Lines below starting with the line with "(...) Otóż przed" and going on through the line with "Bedroom Ikea Bed" must be output exactly; the rest of the records must be left out.
+ + + + + + +
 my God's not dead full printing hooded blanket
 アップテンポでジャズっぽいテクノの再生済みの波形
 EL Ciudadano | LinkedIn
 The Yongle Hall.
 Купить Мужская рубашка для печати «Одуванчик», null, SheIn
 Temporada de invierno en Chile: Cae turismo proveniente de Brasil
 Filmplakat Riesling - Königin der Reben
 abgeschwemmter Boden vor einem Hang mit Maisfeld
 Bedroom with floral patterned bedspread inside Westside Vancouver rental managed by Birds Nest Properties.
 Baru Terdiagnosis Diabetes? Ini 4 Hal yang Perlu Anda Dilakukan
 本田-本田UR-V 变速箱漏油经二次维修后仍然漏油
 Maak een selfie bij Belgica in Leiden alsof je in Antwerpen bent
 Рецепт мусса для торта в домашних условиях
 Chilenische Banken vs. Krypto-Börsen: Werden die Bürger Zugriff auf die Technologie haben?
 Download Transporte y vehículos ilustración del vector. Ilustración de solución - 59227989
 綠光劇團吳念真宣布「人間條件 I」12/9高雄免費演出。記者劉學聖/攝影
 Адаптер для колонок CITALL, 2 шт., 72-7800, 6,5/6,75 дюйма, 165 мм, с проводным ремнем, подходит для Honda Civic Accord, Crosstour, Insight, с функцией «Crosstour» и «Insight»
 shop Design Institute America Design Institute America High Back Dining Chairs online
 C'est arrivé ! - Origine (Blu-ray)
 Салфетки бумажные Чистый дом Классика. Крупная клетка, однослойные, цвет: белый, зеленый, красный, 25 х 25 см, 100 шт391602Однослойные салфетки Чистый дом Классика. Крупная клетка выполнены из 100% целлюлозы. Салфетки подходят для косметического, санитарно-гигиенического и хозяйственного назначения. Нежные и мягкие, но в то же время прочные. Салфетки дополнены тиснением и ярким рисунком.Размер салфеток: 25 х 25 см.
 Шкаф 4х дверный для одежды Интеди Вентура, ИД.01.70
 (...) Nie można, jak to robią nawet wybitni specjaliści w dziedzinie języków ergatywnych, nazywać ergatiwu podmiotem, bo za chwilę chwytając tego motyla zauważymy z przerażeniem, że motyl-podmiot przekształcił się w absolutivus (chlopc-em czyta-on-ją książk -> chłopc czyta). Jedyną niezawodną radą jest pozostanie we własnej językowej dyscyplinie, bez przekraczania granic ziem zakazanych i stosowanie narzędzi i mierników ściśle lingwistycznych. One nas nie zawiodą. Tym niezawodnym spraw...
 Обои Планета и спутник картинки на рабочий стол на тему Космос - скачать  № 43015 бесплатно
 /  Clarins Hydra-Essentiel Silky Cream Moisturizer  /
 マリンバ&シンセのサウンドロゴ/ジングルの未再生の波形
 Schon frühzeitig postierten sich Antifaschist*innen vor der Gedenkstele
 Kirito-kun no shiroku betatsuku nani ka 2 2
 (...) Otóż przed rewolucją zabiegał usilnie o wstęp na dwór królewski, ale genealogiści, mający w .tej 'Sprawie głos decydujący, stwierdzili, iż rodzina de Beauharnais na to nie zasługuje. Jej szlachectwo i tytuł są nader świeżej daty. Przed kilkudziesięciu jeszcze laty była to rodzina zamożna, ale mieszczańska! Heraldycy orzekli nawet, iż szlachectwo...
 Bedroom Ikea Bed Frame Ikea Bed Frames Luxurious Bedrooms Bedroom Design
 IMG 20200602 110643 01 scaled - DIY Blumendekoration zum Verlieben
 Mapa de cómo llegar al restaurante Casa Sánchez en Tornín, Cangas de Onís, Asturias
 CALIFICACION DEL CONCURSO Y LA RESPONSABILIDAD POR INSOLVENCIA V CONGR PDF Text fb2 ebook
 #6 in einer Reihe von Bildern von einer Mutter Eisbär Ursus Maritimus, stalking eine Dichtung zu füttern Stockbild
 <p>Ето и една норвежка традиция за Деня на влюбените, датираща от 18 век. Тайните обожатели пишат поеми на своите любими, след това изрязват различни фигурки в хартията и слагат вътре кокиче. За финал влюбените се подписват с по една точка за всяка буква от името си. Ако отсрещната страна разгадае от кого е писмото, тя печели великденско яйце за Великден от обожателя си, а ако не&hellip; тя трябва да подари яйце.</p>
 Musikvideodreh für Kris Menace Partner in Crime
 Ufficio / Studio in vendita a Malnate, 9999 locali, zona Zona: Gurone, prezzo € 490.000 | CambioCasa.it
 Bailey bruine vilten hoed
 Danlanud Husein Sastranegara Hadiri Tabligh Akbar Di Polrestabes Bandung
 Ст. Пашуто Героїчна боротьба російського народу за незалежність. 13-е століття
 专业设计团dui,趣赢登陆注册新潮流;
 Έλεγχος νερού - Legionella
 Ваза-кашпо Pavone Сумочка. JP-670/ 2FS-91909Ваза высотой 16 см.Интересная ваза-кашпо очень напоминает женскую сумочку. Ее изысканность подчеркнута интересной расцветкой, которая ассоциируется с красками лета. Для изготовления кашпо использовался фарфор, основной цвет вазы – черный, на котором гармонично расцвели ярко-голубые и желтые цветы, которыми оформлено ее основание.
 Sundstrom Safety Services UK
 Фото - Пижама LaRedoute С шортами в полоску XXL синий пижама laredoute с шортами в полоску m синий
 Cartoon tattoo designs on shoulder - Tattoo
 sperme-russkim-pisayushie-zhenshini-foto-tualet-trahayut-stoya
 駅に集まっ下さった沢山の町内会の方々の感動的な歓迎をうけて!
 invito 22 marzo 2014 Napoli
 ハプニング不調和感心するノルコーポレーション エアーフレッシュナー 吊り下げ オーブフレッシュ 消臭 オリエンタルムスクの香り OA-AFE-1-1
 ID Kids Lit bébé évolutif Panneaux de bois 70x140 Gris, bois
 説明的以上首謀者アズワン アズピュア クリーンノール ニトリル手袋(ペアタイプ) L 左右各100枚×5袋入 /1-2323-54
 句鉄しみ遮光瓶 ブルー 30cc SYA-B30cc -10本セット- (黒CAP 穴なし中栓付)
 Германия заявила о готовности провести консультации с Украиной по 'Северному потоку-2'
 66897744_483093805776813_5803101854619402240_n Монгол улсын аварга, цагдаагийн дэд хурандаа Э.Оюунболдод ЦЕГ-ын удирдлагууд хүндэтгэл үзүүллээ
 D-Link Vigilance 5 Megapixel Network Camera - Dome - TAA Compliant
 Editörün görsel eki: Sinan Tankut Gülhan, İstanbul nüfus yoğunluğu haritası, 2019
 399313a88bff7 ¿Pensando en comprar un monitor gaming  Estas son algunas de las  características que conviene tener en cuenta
+ + + + + + +
- [The answer]
 (...) Otóż przed rewolucją zabiegał usilnie o wstęp na dwór królewski, ale genealogiści, mający w .tej 'Sprawie głos decydujący, stwierdzili, iż rodzina de Beauharnais na to nie zasługuje. Jej szlachectwo i tytuł są nader świeżej daty. Przed kilkudziesięciu jeszcze laty była to rodzina zamożna, ale mieszczańska! Heraldycy orzekli nawet, iż szlachectwo...
 Bedroom Ikea Bed Frame Ikea Bed Frames Luxurious Bedrooms Bedroom Design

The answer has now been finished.